Exactly as they appear below, repeat the lines from the one with "1929 Pierce-Arrow Model" through the one with "كوريا الجنوبية تطور", and no others.

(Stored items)
-------------------------

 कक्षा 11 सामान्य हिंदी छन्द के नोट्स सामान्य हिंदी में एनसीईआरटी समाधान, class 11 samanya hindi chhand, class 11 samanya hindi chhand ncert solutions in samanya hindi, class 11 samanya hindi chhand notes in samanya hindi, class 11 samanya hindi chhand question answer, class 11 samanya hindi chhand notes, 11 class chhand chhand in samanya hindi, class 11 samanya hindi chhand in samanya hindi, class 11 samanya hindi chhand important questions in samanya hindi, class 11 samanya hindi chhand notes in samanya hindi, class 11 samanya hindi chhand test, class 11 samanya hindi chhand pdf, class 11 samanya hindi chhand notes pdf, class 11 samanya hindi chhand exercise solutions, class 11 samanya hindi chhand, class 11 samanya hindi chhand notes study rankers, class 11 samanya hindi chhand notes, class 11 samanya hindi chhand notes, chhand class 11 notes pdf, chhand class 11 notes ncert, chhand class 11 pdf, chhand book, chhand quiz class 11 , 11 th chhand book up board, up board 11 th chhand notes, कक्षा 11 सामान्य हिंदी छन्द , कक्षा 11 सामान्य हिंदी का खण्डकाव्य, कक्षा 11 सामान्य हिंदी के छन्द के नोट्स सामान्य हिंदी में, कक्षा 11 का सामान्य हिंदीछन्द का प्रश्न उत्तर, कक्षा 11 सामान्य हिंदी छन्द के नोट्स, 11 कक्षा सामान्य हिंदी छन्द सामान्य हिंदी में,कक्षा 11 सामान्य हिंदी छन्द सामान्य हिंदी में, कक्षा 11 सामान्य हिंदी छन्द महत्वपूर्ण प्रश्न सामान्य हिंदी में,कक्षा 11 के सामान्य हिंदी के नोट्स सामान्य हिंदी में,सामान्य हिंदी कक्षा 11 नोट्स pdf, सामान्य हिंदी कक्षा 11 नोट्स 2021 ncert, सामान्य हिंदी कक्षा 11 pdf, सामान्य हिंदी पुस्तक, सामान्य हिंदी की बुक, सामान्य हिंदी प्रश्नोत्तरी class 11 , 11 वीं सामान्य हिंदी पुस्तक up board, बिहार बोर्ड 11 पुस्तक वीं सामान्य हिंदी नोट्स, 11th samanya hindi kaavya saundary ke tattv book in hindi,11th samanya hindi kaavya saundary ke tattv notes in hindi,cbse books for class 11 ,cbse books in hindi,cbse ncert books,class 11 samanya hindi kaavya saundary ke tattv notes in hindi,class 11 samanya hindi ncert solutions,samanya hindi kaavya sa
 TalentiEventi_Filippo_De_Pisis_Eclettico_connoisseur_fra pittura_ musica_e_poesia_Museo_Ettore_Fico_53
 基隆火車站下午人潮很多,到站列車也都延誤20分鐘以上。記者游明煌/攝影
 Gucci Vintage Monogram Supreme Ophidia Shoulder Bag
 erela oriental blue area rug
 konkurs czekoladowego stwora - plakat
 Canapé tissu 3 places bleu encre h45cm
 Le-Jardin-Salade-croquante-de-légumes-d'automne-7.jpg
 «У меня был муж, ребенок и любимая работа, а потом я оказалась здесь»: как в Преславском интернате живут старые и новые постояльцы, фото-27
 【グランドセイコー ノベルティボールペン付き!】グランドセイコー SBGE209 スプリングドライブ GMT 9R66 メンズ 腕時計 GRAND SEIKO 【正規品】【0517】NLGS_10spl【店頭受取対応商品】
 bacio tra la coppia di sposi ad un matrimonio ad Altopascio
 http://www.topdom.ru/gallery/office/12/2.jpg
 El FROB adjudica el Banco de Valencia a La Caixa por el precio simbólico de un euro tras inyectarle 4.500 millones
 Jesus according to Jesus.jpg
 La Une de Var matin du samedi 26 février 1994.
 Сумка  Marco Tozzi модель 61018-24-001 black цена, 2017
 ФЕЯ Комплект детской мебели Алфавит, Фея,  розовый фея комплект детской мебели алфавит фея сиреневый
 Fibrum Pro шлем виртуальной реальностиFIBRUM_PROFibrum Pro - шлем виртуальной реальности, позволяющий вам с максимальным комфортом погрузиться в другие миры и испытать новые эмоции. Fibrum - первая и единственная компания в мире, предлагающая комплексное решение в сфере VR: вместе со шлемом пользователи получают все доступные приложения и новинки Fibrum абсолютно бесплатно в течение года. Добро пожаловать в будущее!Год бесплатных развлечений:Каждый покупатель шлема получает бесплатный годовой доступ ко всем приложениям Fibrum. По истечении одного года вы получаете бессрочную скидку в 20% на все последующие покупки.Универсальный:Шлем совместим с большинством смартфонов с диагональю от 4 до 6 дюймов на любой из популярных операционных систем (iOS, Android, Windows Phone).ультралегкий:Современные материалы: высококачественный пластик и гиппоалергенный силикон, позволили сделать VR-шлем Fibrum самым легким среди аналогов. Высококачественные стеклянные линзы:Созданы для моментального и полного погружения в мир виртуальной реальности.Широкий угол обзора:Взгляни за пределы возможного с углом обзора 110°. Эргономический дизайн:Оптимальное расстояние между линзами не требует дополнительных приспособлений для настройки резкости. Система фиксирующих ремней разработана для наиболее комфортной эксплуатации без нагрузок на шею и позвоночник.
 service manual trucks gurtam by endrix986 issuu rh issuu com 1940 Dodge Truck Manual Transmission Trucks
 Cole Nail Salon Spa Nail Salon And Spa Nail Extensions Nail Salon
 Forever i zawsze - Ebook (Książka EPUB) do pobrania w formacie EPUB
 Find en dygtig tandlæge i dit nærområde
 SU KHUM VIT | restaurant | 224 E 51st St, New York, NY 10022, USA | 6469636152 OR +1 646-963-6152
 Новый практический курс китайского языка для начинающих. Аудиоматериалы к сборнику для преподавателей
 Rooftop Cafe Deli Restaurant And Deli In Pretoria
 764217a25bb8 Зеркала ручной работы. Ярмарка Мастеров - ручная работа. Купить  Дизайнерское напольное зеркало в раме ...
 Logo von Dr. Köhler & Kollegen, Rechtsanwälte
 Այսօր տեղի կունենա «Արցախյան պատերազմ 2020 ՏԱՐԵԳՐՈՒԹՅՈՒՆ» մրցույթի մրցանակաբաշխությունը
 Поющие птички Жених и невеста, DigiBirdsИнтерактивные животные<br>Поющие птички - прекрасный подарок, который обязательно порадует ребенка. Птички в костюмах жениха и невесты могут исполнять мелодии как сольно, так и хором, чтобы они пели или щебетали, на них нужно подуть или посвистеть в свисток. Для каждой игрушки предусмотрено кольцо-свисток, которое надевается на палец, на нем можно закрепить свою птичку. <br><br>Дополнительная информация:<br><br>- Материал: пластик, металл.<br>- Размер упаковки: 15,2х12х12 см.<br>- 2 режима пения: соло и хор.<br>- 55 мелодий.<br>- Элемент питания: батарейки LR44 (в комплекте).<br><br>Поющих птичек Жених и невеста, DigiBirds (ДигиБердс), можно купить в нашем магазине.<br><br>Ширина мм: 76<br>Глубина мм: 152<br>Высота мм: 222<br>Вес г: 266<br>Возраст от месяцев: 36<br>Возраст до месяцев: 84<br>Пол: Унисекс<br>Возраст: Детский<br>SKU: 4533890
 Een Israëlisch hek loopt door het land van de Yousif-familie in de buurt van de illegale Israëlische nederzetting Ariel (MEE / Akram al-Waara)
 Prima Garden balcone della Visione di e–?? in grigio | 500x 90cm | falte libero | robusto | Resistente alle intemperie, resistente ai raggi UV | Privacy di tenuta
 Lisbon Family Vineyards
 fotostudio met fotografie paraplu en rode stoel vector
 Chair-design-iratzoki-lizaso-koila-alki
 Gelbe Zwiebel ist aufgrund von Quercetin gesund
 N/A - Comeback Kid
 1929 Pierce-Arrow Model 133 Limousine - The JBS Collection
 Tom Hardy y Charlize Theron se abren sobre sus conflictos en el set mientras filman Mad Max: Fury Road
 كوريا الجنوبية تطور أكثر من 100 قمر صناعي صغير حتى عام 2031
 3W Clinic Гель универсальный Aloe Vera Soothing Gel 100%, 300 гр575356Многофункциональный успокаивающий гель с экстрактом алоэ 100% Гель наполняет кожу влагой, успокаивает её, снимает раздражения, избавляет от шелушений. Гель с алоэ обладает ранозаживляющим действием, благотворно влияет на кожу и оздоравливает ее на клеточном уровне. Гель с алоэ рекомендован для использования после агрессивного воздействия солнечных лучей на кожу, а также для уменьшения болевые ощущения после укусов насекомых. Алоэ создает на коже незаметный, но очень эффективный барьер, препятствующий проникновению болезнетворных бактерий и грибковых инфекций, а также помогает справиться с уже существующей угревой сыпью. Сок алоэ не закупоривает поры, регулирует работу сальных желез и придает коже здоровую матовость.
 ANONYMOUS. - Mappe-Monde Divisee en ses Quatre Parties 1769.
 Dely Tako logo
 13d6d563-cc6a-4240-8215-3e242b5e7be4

-------------------------

▶ _Finished task_:
 1929 Pierce-Arrow Model 133 Limousine - The JBS Collection
 Tom Hardy y Charlize Theron se abren sobre sus conflictos en el set mientras filman Mad Max: Fury Road
 كوريا الجنوبية تطور أكثر من 100 قمر صناعي صغير حتى عام 2031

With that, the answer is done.